The sweetest part of revenge is watching you wince in the rear-view mirror. Some people plan their entire lives to get a single moment of payback. I see it in your faces even when you're not listening to it; the mere presence of a band you hate in my chat status bar somehow makes its way through to our chats, when you suddenly skirt the all-time favorite topic of music.
So, yes. I listen to it because you hate it. Because I've grown to like it. Because Neko Case is totally hot.
9.07.2007
I Went About Being A Musician In The Wrong Way
For some congenitally dimwitted reason, I had this absurd notion that to be a good musician you need to learn to play an instrument and write creative and thoughtful songs. That is utter bullshit. All you need to do is actually listen to the noise abortions that come out of your radio box to realize that every single person who is famous for music is famous for not doing those two things.
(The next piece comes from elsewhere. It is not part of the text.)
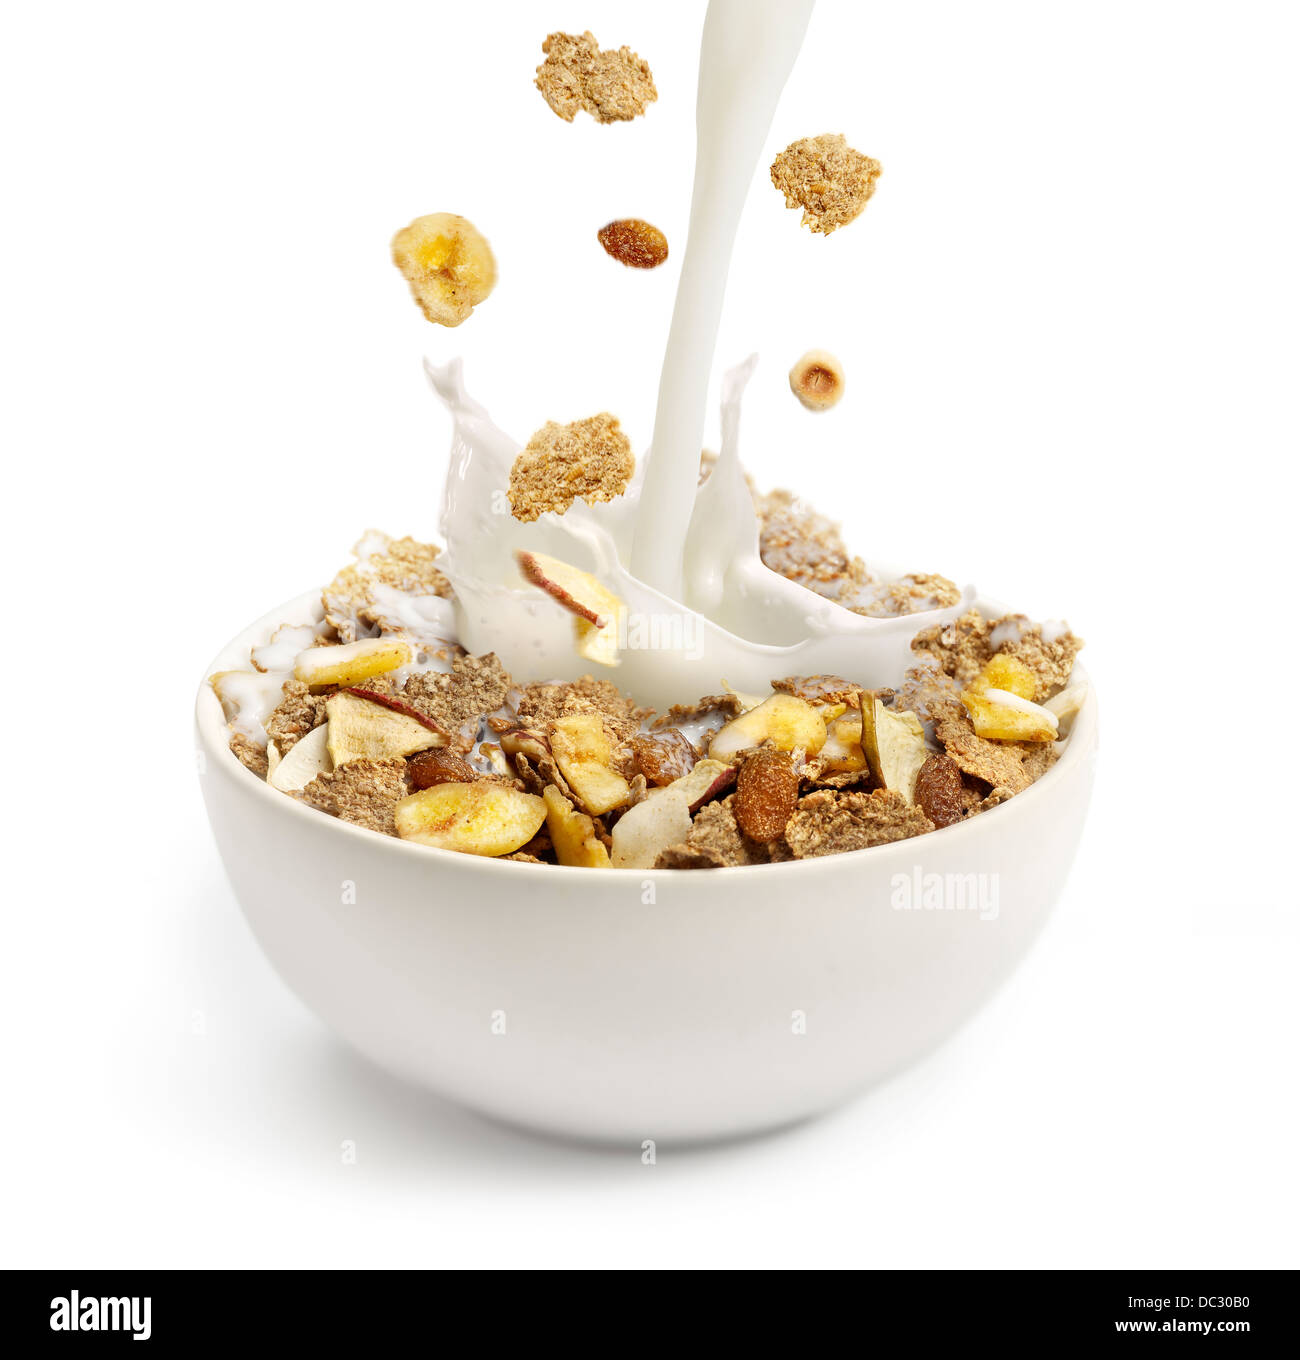 Pouring milk into a bowl with breakfast cereal Stock Photo

I should have spent all that methed-out guitar solo practice time on learning how to make a metal face. I say this because here I am, almost a decade and a half of guitar experience under my belt, and I have mediocre-to-decent guitar skills and no fucking metal face. Not that I play metal, people who play and listen to that tripe are go-nowhere shitwad losers, but the metal face is one of the most important skills you can ever learn if you plan to somehow follow the rock dream (Make Metal Face > Amass Fortune > Kill Self).
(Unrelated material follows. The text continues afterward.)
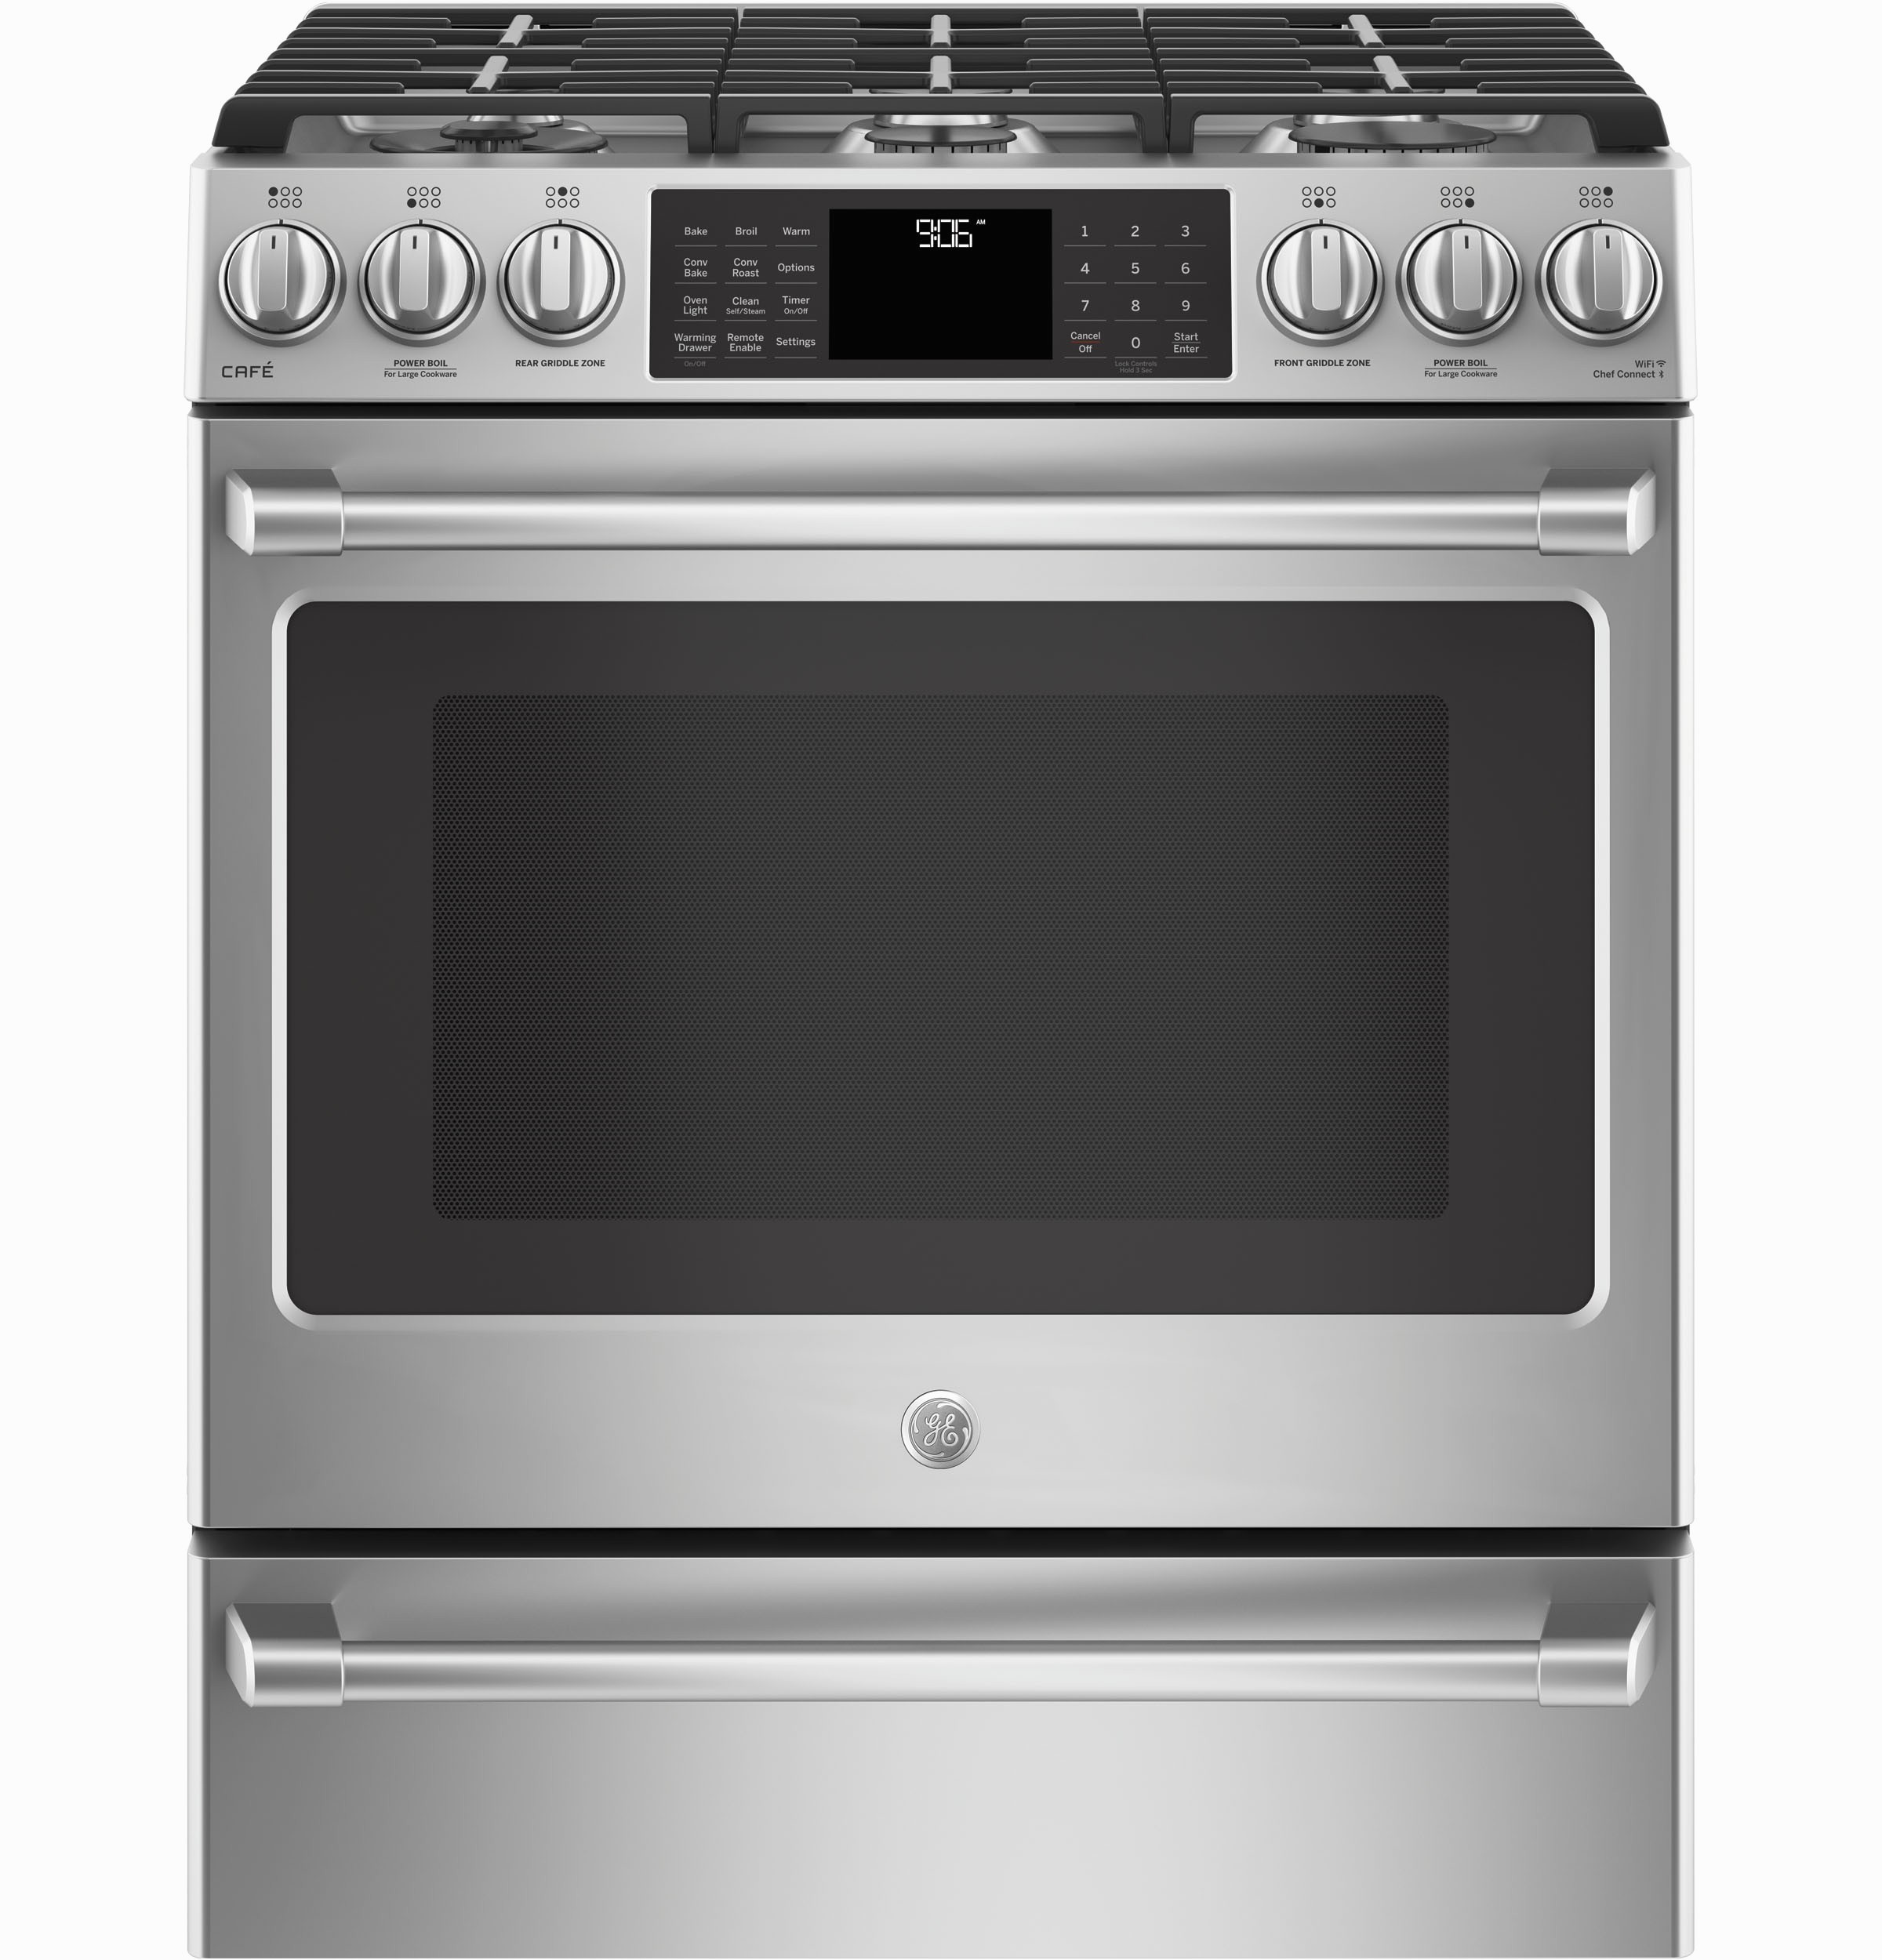 oven for baking fresh ge cafeac284c2a2 series 30quot slide in front control range with warming drawer of oven for baking

What have I learned? I've learned that I don't even have to write coherent lyrics for the songs I play over repetitive drum tracks for people to consider me moderately okay. All that time you spend writing fucking beautiful poetry and then crying over it because it's so damn beautiful? Those achingly beautiful stanzas that made you want to insufflate a huge rail and slit your wrists and bleed to death while sitting on a beautiful beautiful hill and watching trains roll by during the sunset? That's for college indie losers, sorry, the mass media thrives on hitting your baby one more time. Not that I have any problem with hitting babies.
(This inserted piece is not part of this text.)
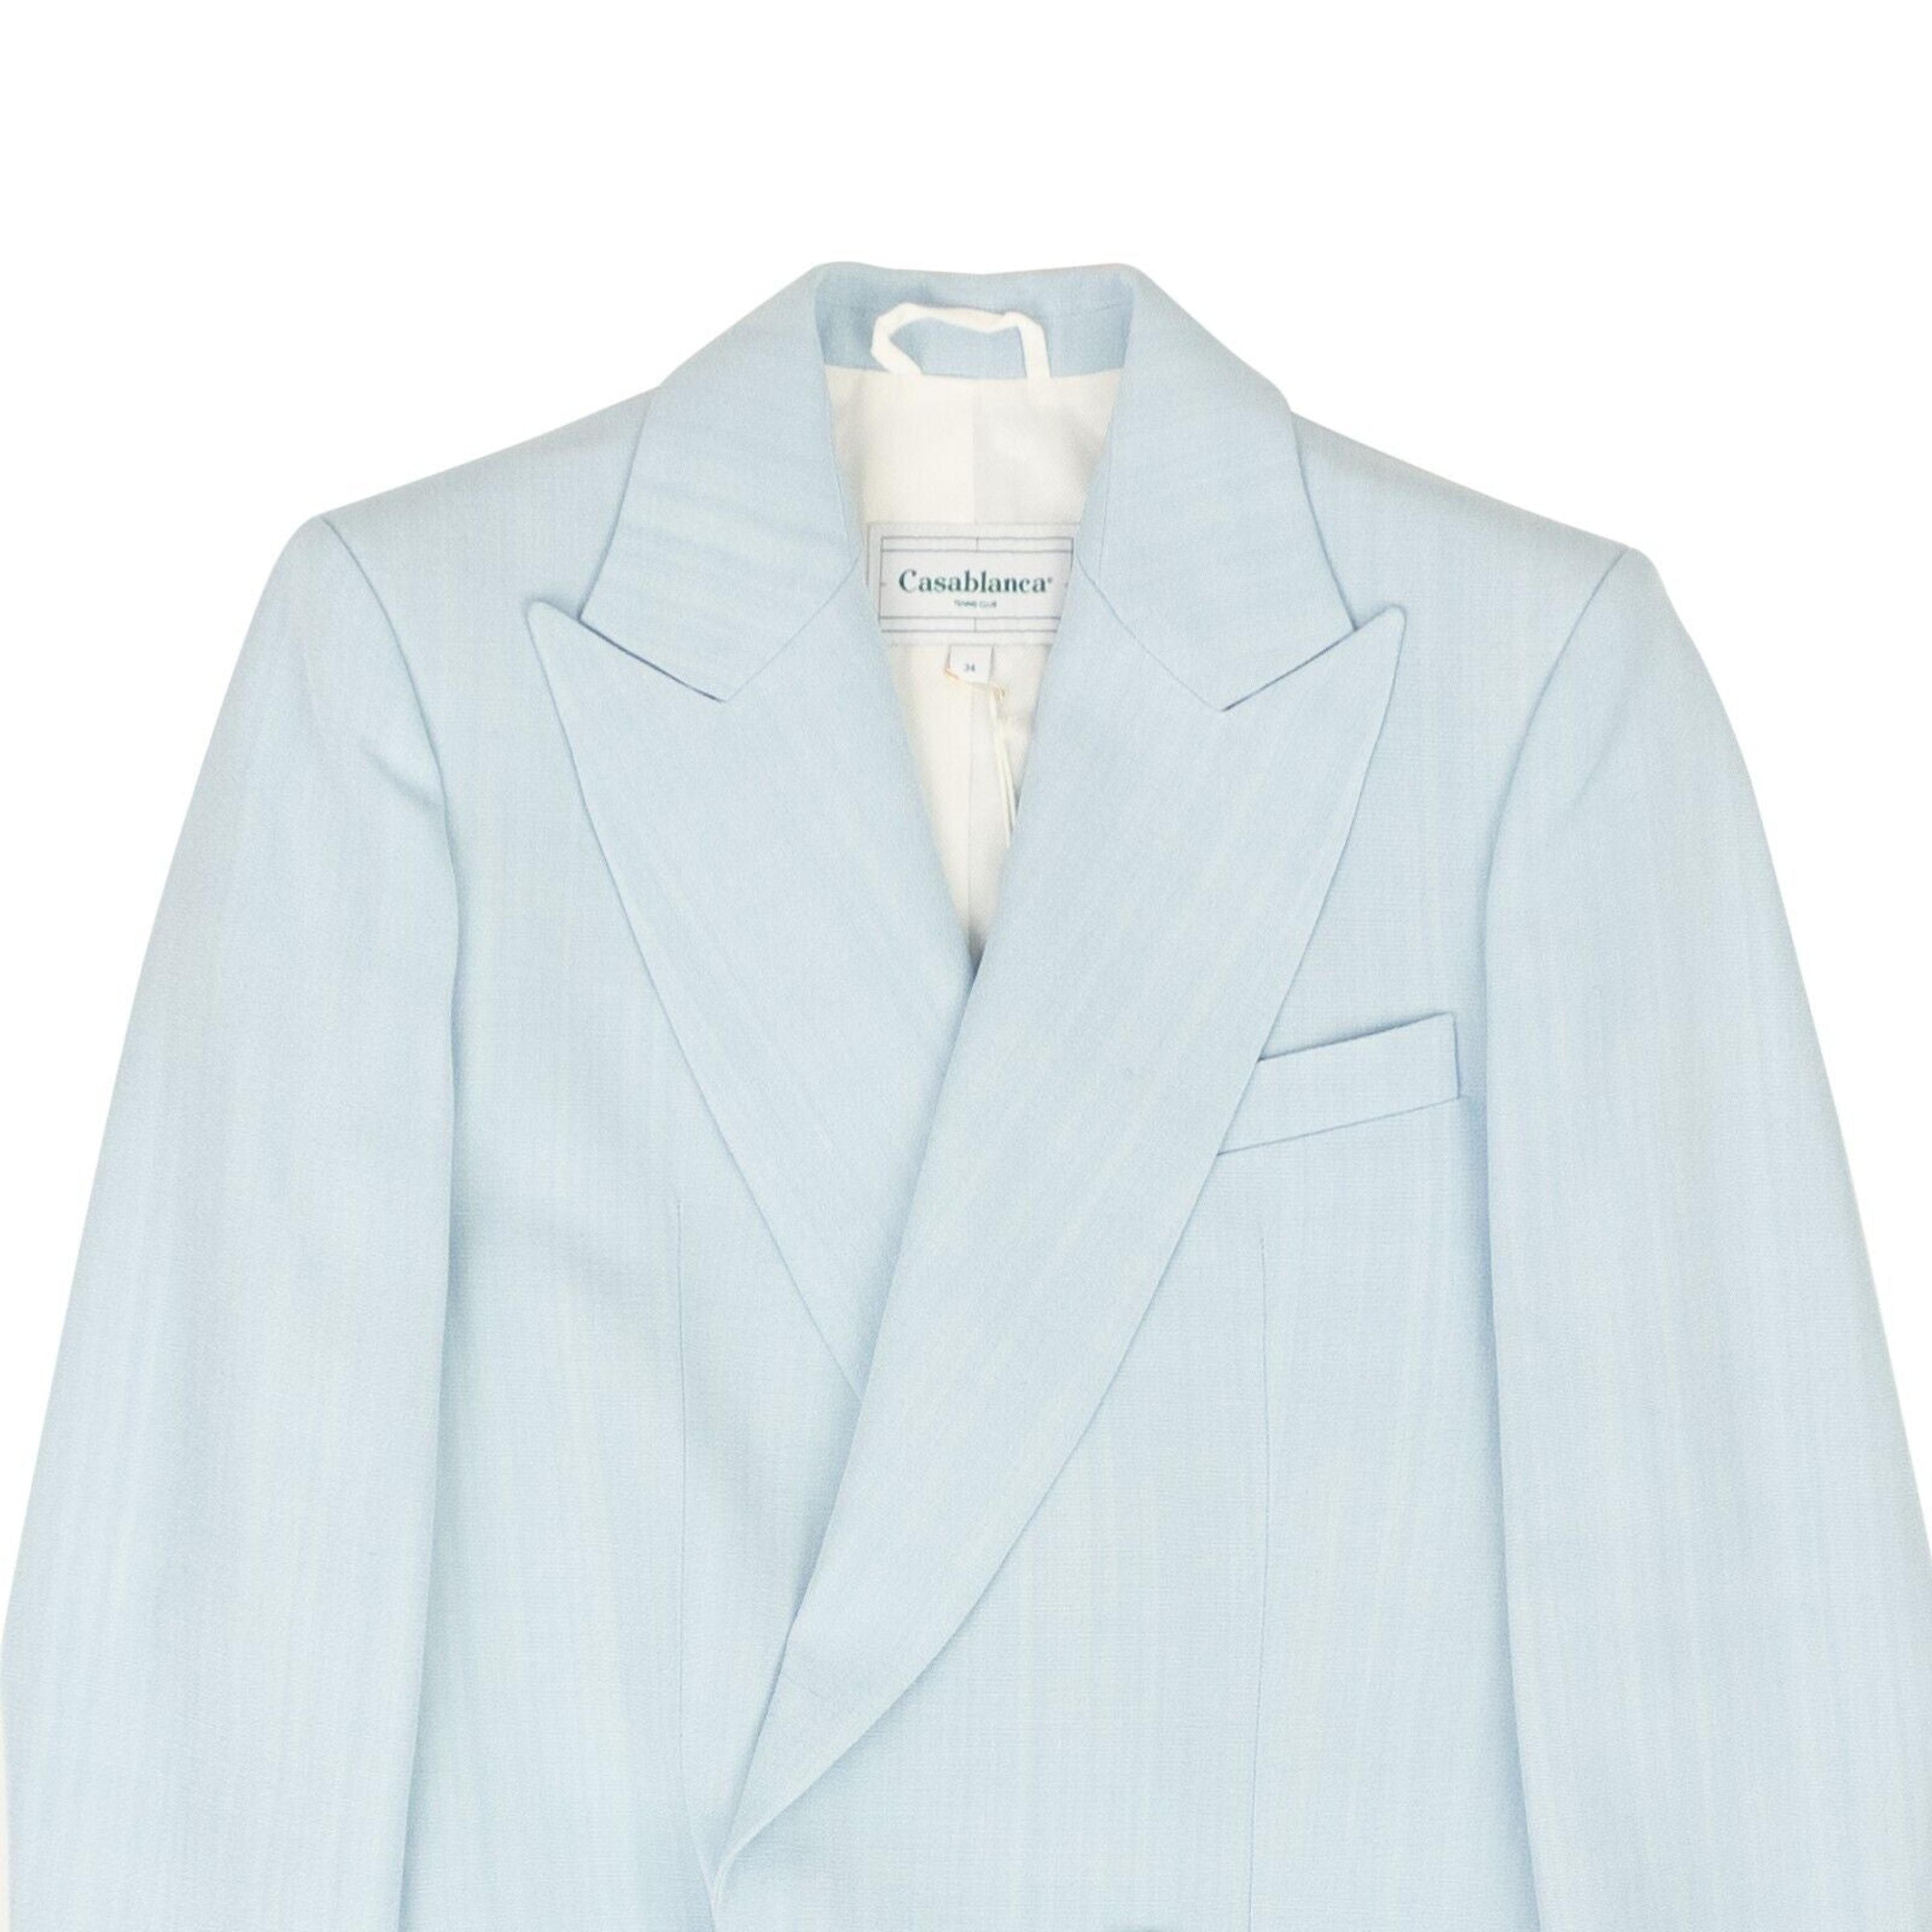 Alternate View 1 of Light Blue Viscose Double-Breasted Blazer

Looking through all the shit songs I've written, I've learned that at least, hopefully, they could have corrupted youth. That's what I got into this waste of time for, corrupting the youth. Knowing what I have to offer, I probably couldn't have made them start chanting and offing themselves, much to the detriment of the genepool, but I bet I could have at least gotten them to start having the violent sex. Like, the kind that's too violent for fertilization of an ovum. That's a small comfort that I hold close to myself on those dark chilly nights, slitting my wrists and drinking heavily and then passing out and healing before I can be bothered to bleed to death.
7.17.2007
eMusic
** One track on compilation album found.
Search: Bad Religion
** All albums except the one you're looking for (Recipe For Hate) found.
Search: Neko Case
** You already bought all these albums, please notch up your pretension meter.
Search: Annoying Repetitive Emopop
** Ten billion records found.
[Click one at random]
Sample review, run through the satire filter:
***** ZOMG! by ICutMyself
This band is the epitome of feeling. Listen to the raw power of the whining. If you say this band sucks u have no taste so go fuck urself
________
Or the following. I've done you the favor of italicizing the fnords:
** This band used to be good but sucks by HeardFirstFiveSeconds
They used to be awesome but Emo McPoppyPants stopped doing heroin. I suggest you move on and listen to their double-bootlegged 1978 concert album, "Yay I Hurt". There was an evocation of haunting melody in their dynamic power ballads. Their core repertoire has since been hurt when an argument threatened to split up the band, a rivalry between frontman Emo and bassist Fibber Michelob.
_________
Wash, rinse, repeat. Gawsh. I certainly understand the obsessive need to detail the history of anything I'm well acquainted with, but band histories are almost always the same. You could write a flowchart.